Money
Central bank eases 100 percent margin provision on some items
The move comes after an improvement in the balance of payment and foreign exchange reserves.Krishana Prasain
The central bank has rolled back its decision to keep a 100 percent margin provision on the import of construction material, seats and expansible polystyrene goods.
Issuing a circular on Friday, Nepal Rastra Bank said that it has also lifted the provision of keeping a 100 percent margin provision in construction material goods imported by the diplomatic missions, hospitals, mega projects on public-private partnerships or projects that are imposed with the Public Procurement Act.
The 100 percent margin provision was imposed on these sectors as well.
The central bank has lifted the provision to keep a 100 percent margin on the construction materials like tiles, marble and different types of stones, boards, sheets, building blocks and bricks of cement or artificial stones, and corrugated sheets among others.
“The central bank lifted the 100 percent margin provision on construction material to ease the progress of construction projects,” said Gunakar Bhatta, spokesperson of Nepal Rastra Bank.
Similarly, the mandatory 100 percent import margin has also been lifted on the import of seats used for motor vehicles, bamboo or rattan seats, upholstered seats, wooden frame seats, and commode chairs used by physically disabled persons. The margin has also been lifted on expansible polystyrene and polymers of styrene, according to the central bank circular.
“We will gradually review the goods listed in 100 percent margin provision with the improvement in the balance of payment and foreign exchange reserves,” Bhatta said. “We are observing the situation of the external sector and as soon as the situation gets comfortable, we will review the measures that have been taken to discourage imports gradually,” he said.
On December 20 last year, the central bank made it mandatory for importers to keep a 100 percent margin amount to open a letter of credit (LC) to import the listed goods. As potential importers have been relying on short-term credit without depositing any cash, the central bank's directive is expected to stem the import of these products.

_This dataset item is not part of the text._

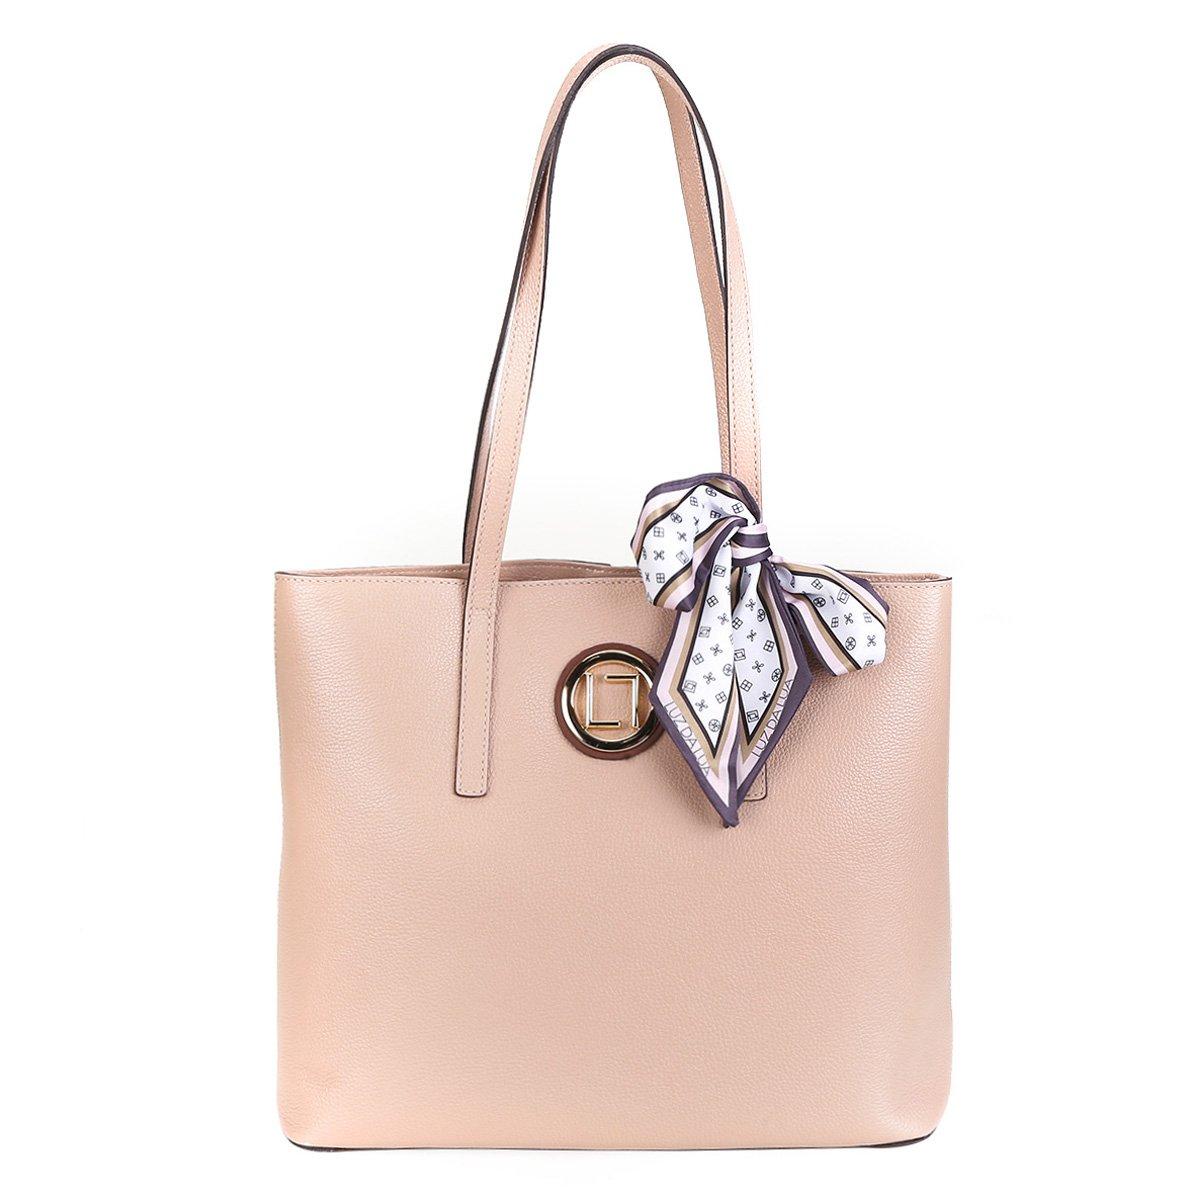 06c46e7717 Bolsa Couro Luz da Lua Shopper Lenço Feminina - Compre Agora
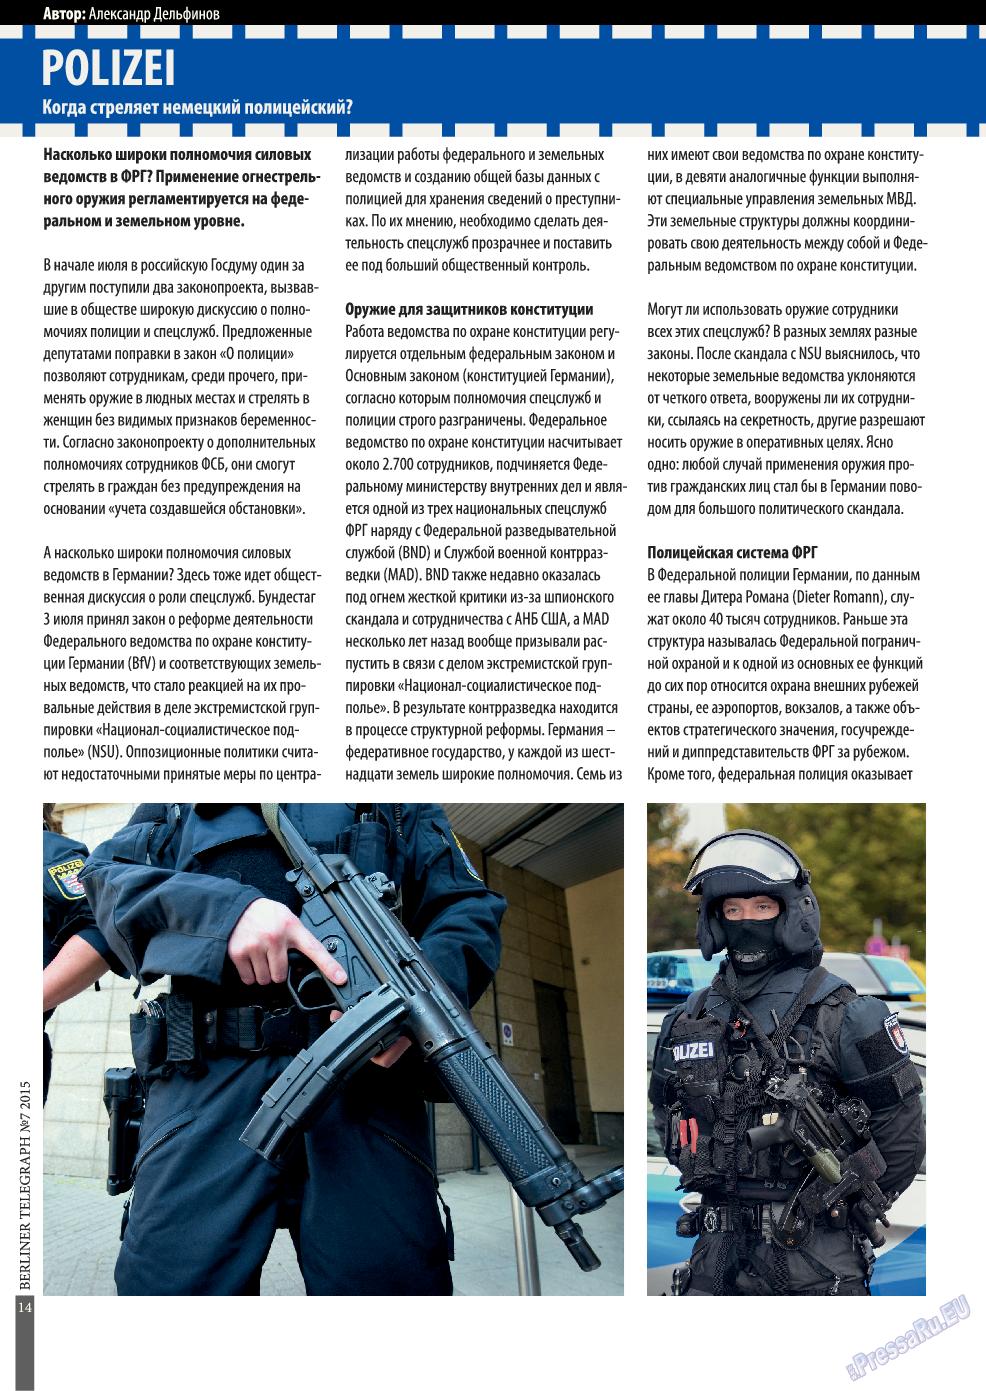 Берлинский телеграф (журнал). 2015 год, номер 8, стр. 14

With the 100 percent margin provision, according to the Nepal Rastra Bank, traders need to maintain a 100 percent cash margin to import alcoholic drinks; tobacco; silver; furniture; sugar and foods that contain sweets; glucose; mineral water; energy drinks; cosmetics; shampoo; hair oils and colours; caps; footwear; umbrellas; construction materials such as ceramics among others.
Importers of motorcycles and scooters and diesel-powered private automobiles also need to maintain a 50 percent cash margin with banks to open letters of credit.
And the central bank’s directive issued on February 9 increased the number of import items requiring a 100 percent cash margin to 43 while it fixed the cash margin needed for importing four types of goods at 50 percent.
Nepal’s imports declined by 18 percent to Rs532.69 billion in the first four months of the current fiscal year ended in mid-November.
The government collected revenue totalling Rs231.33 billion in the first quarter of the current fiscal year against the target of Rs275.71 billion.
The directive issued on April 26 embargoed 10 types of goods described as luxury items, among them mobile sets worth over $600 and motorcycles with a capacity of over 250 cc. Harsher restrictions followed, and mobile sets costing more than $300 and motorcycles with a capacity of more than 150 cc were banned.
On August 30, the government loosened the restrictions and permitted the import of diamonds, large television sets, toys, cards, snacks and tobacco.
The ban on automobiles, mobile phones, liquor and heavy motorcycles will remain in place until December 15.
Based on the imports of the first three months of the current fiscal year, the foreign exchange reserves of the banking sector are sufficient to cover the prospective merchandise imports of 9.6 months, and merchandise and services imports of 8.3 months.
According to the first quarter macroeconomics report of the central bank, the balance of payments remained at a surplus of Rs12.43 billion and gross foreign exchange reserves stood at $9.48 billion.